Berni Schiefer is an IBM Fellow in the IBM Analytics Group. He is based in San Francisco at the IBM Spark Technology Centre and is responsible for a global team that focusses on the performance and scalability of products and solutions in the Analytics Group, specifically for Big Data technologies including Spark, BigInsights, Big SQL, dashDB, DB2 pureScale and DB2 with BLU acceleration. His passion is in bringing advanced technology to market with a particular emphasis on exploiting processor, memory, networking, storage technology and other hardware and software acceleration technologies.

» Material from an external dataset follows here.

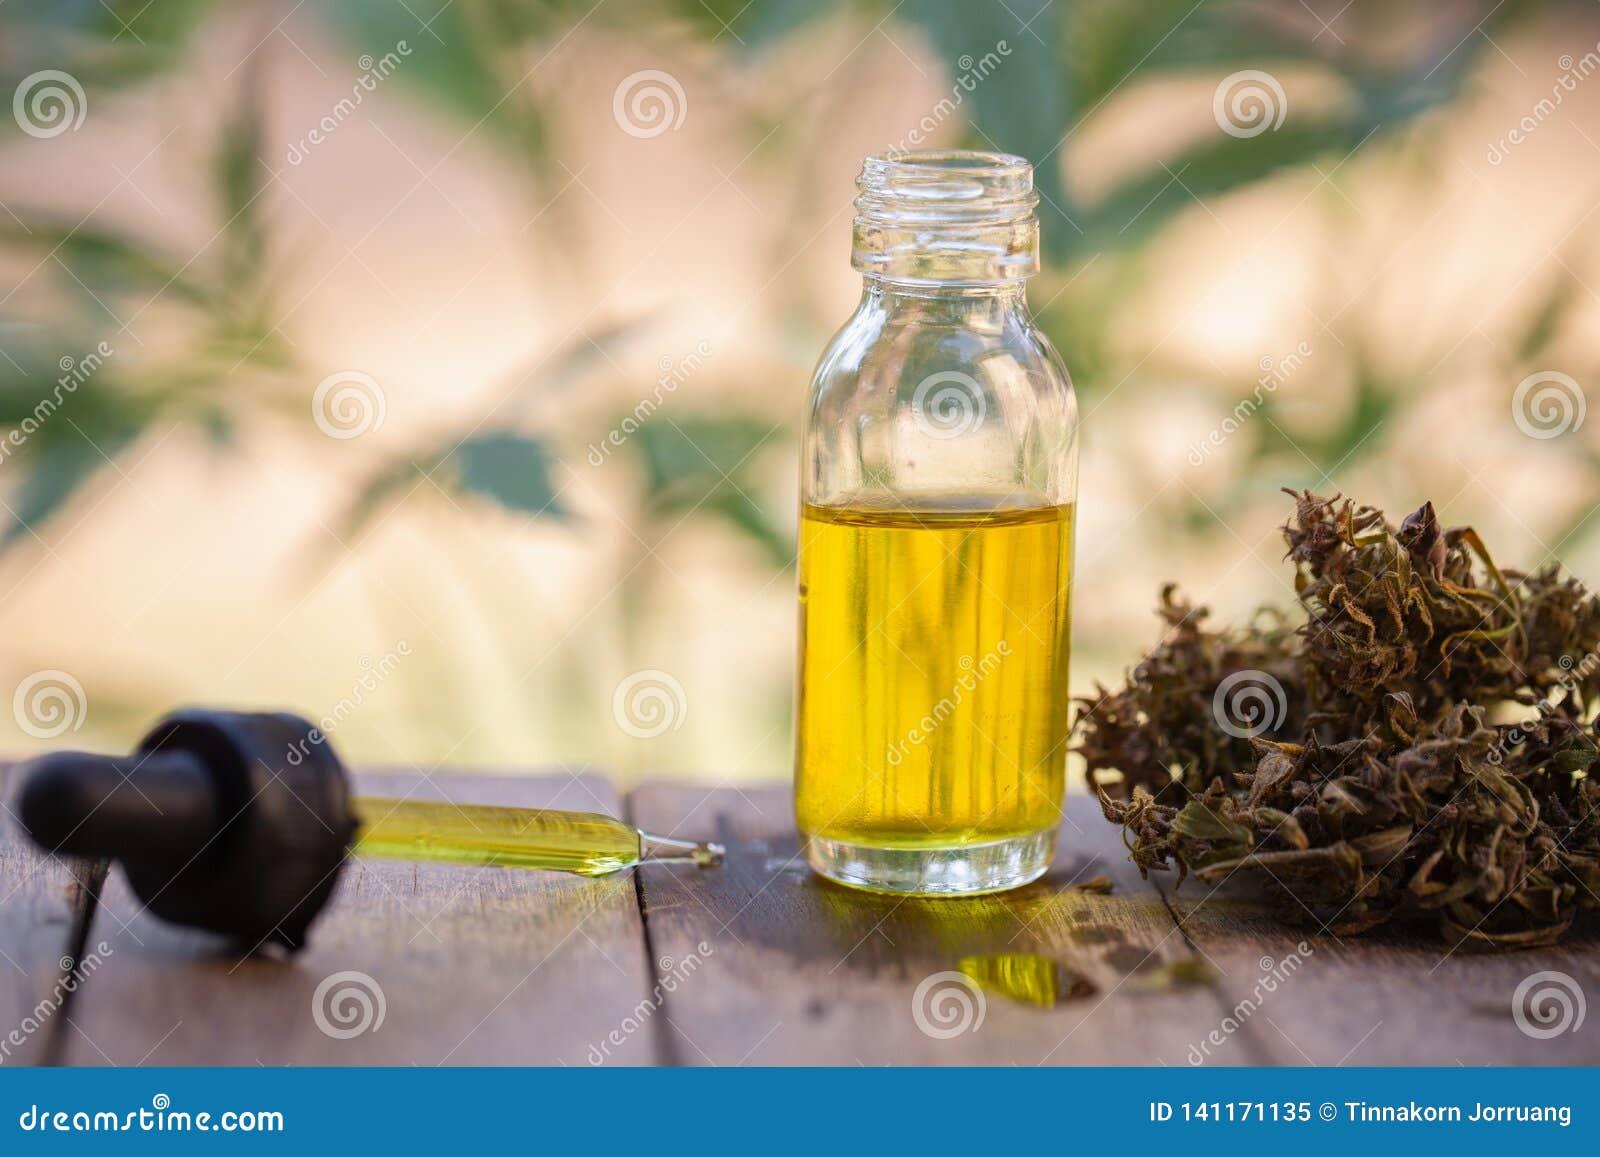 Масло пеньки, бутылка масла марихуаны, выдержки масла конопли в опарниках, медицинской марихуане, пипетке масла CBD

This talk summarizes the results of using the TPC-DS workload to characterize the SQL capability, performance and scalability of Apache Spark SQL 2.0 at the multi-Terabyte scale in both single user dedicated and multi-user concurrent execution modes. We track the evolution of Spark SQL across versions 1.5, 1.6 and 2.0 to underscore the pace of improvement in Spark SQL capability and performance. We also provide best practices and configuration tuning parameters to support the concurrent execution of the 99 TPC-DS queries at scale. The key takeaways include 1) See the substantial progress made by Spark SQL 2.0 2) Understand what TPC-DS is and why it has become the preferred workload of SQL on Hadoop systems. 3) Experimental results supporting the optimized execution of multi-user, multi-terabyte TPC-DS-based workloads 4) Tuning and configuration changes used to attain excellent performance of Spark SQL.

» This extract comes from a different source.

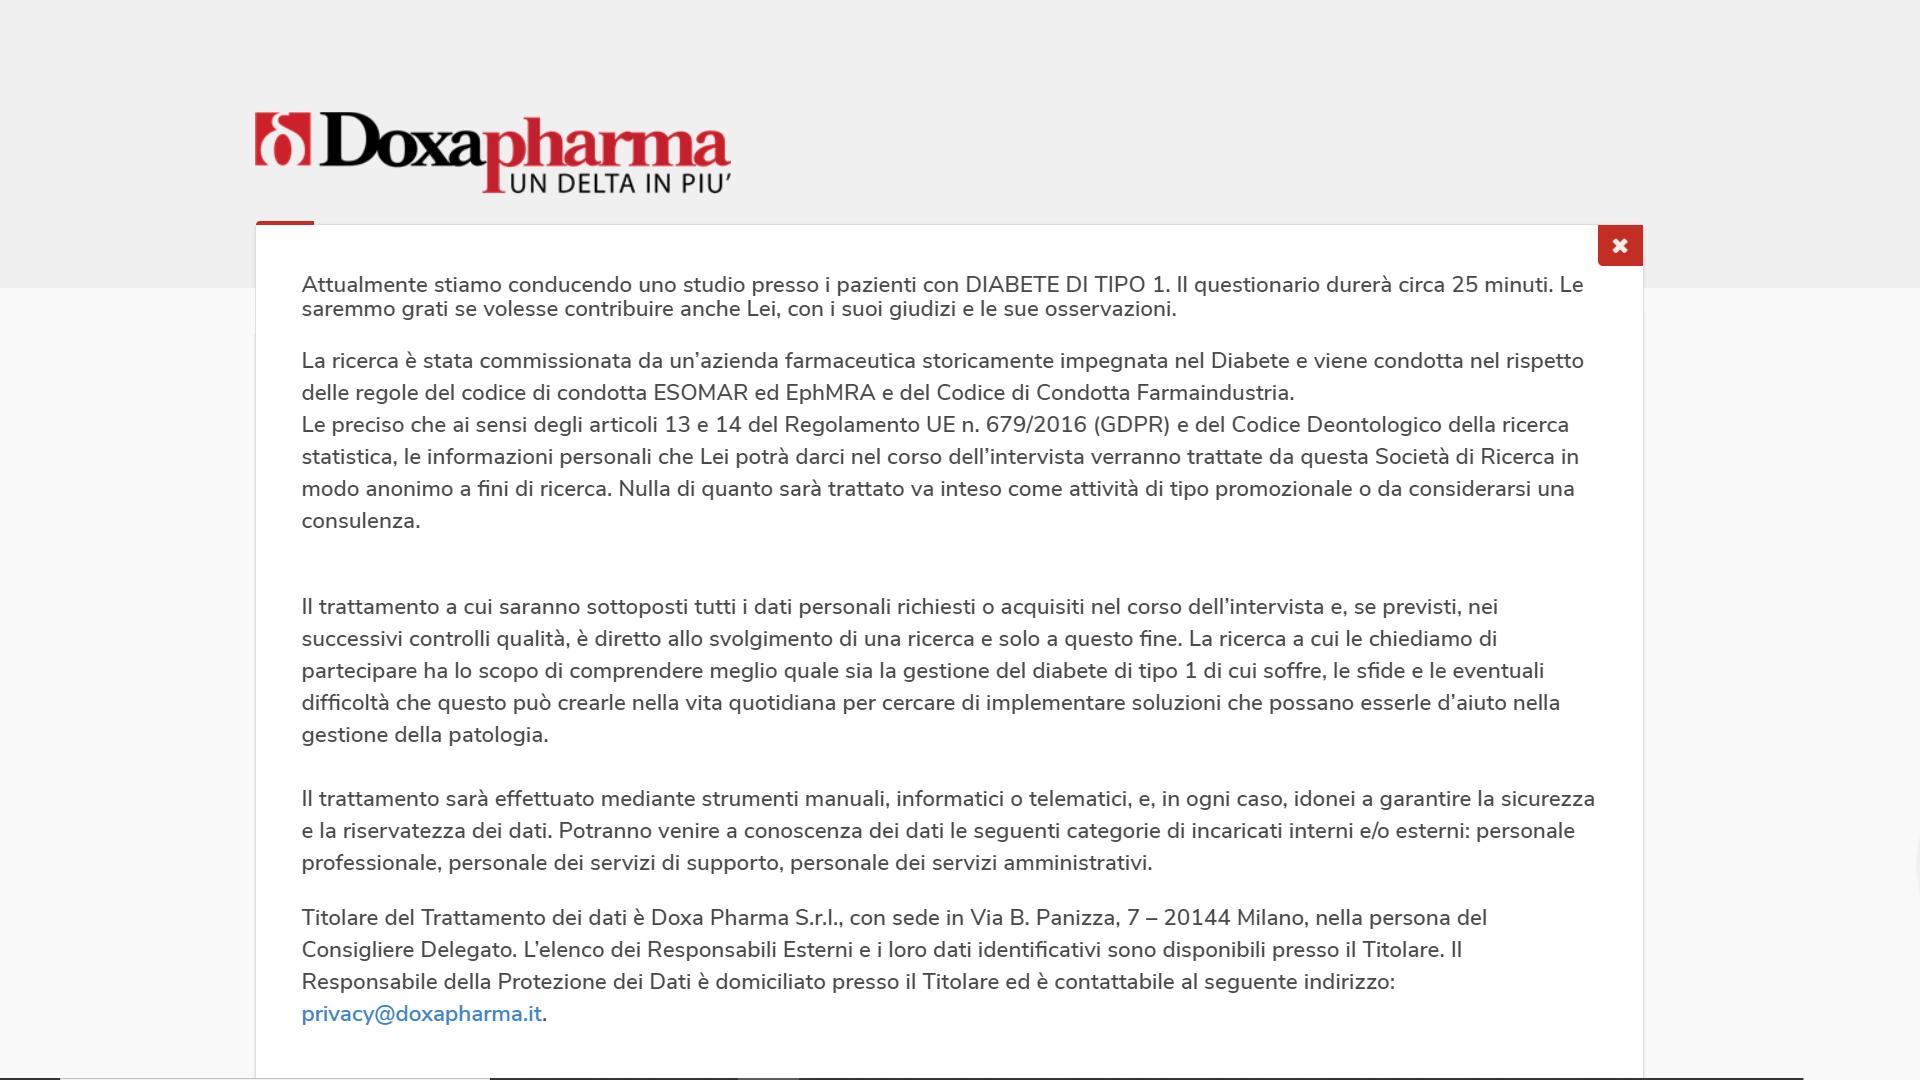 Doxa Pharma

Spark 2.0 provided strong performance enhancements to the Spark core while advancing Spark ML usability to use data frames. But what happens when you run Spark 2.0 machine learning algorithms on a large cluster with a very large data set? Do you even get any benefit from using a very large data set? It depends. :-) How do new hardware advances affect the topology of high performance Spark clusters. In this talk we will explore Spark 2.0 Machine Learning at scale and share our findings with the community. As our test platform we will be using a new cluster design, different from typical Hadoop clusters, with more cores, more RAM and latest generation NVMe SSD's and a 100GbE network with a goal of more performance, in a more space and energy efficient footprint.